Question #4: This question focuses on understanding the relationship between the variables area.living, assessed, and sale.amount.

Part A: Use the select() function to create a subset of ic_homes that only contains the variables area.living, assessed, and sale.amount. Then use this subset to create a correlation matrix showing Pearson’s correlation coefficient for each pairing of variables. Notice the strong correlations between all of these variables.
Part B: Fit a simple linear regression model using the explanatory variable area.living to predict sale.amount. Interpret the slope coefficient of the fitted model.
Part C: Fit a simple linear regression model using the explanatory variable assessed to predict sale.amount. Briefly explain why it makes sense for the estimated slope coefficient in this model to be close to 1.
Part D: Fit a multivariable linear regression model using both area.living and assessed to predict sale.amount. Why is the estimated coefficient for area.living negative in this model when we saw in Parts A and B that area.living is positively associated with sale price?
Part E: An individual is thinking about adding a new sun-room to their house that will increase its area.living by 160 square feet. This will require them to get a building permit and the city will reassess the value of their home. If their goal is to understand how this addition might influence the market value of their home (future sale price), which of the models from this question would be most useful to them? The one from Part B, Part C, or Part D? Briefly explain.

Question #5: This question focuses on understanding the relationship between the variables area.lot, area.living, and sale.amount.

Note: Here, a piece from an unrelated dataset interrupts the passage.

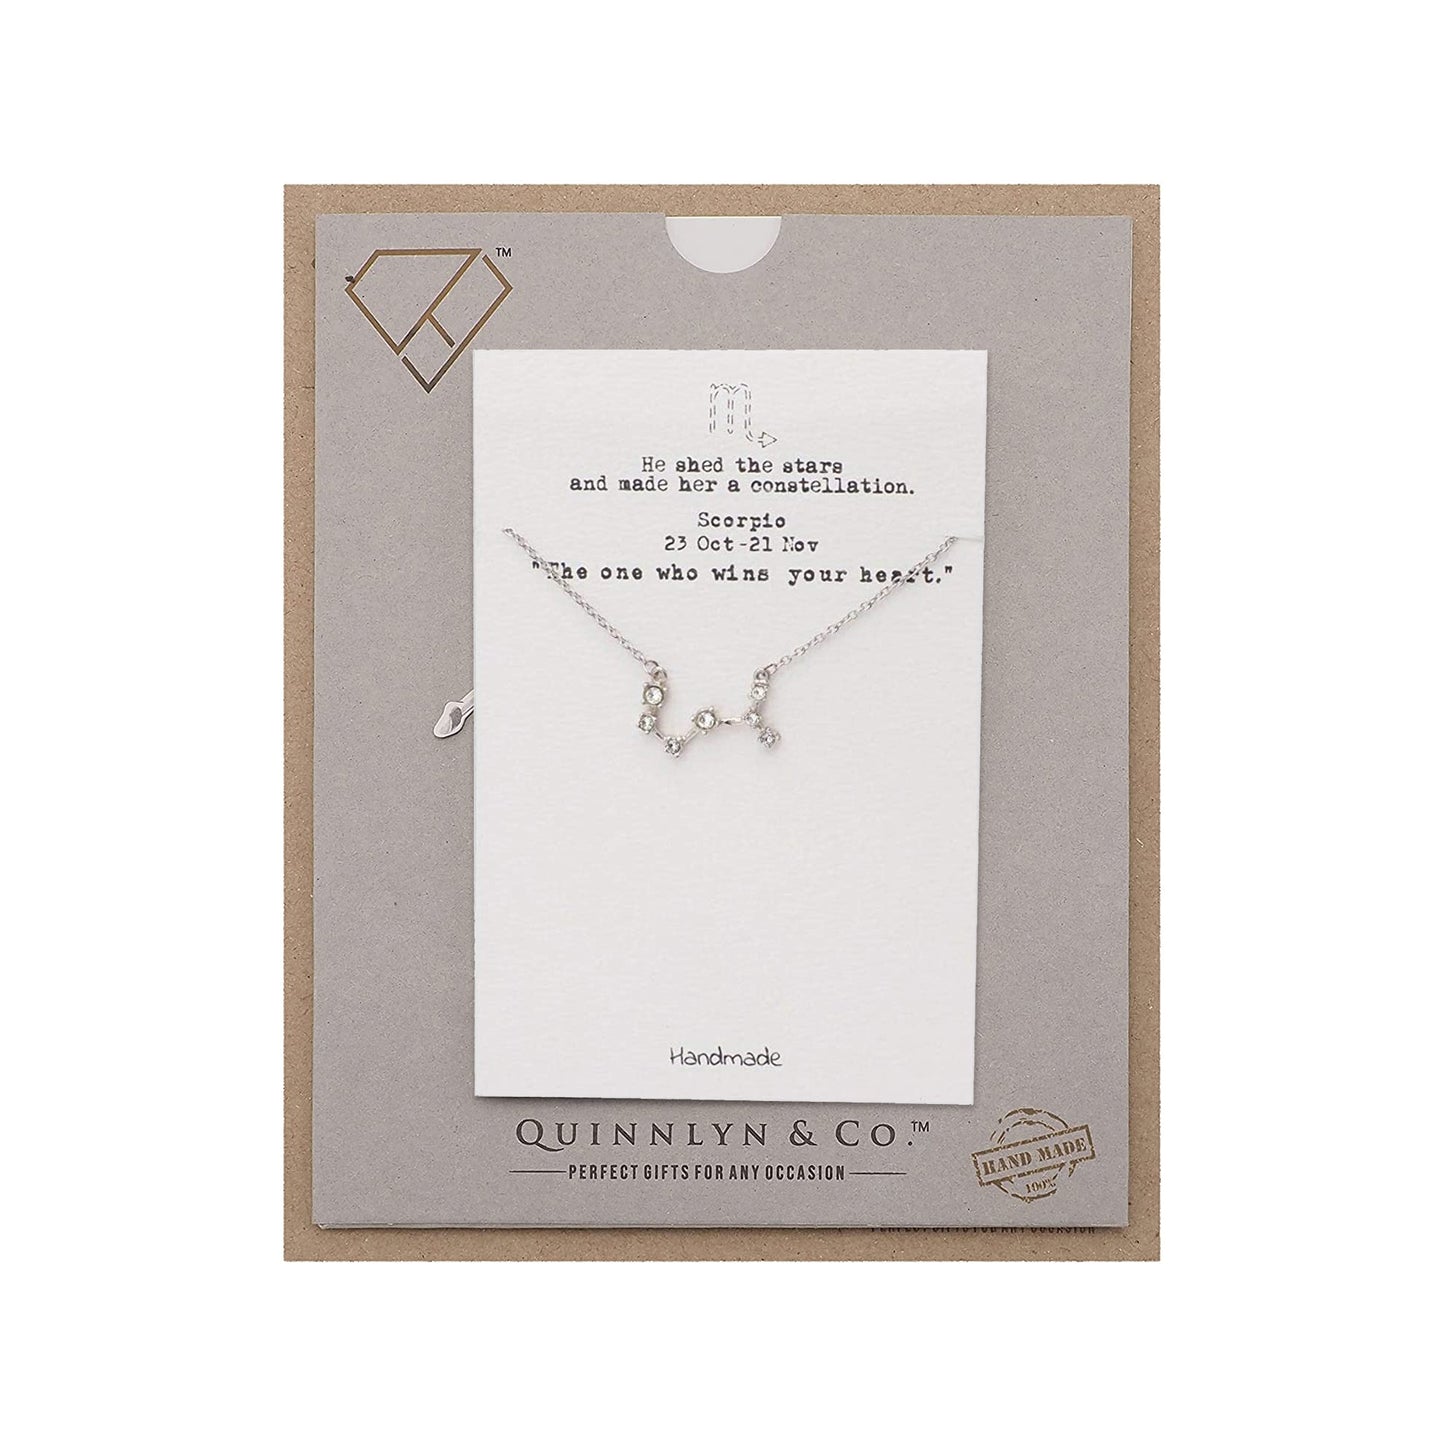 Quinnlyn & Co. Scorpio Zodiac Pattern Swarovzki Pendant Necklace, Birthday Gifts for Women, Teens and Girls with Inspirational Greeting Card

Part A: Find Pearson’s correlation coefficient for the variables area.lot and sale.amount. Briefly interpret the strength and direction of this correlation.
Part B: Create a scatter plot displaying area.lot on the x-axis and sale.amount on the y-axis. For the majority of homes, do you think the strength of linear association is similar, stronger, or weaker than what the correlation coefficient you reported in Part A suggests? Briefly explain.
Part C: Fit a simple linear regression using area.lot as the explanatory variable and sale.amount as the response. Interpret the estimated slope coefficient in this model.
Part D: One house in the Iowa City home sales data set had a lot size of 158123 square-feet (3.63 acres). No other homes had a lot size larger than 1.3 acres, and the average lot size was 9388 square-feet (0.21 acres). Considering this information, would the removal of this home from the data set greatly influence the estimated slope coefficient you reported in Part C? Briefly explain.
Part E: Fit a multivariable linear regression model using the explanatory variables area.lot and area.living and the response variable sale.amount. If two homes have the same living area, is having a larger sized lot still associated with a higher sale amount?
Part F: The coefficient of area.lot in the model you fit in Part E is much smaller than this variable’s coefficient in the model you fit in Part C. How do you explain this decrease?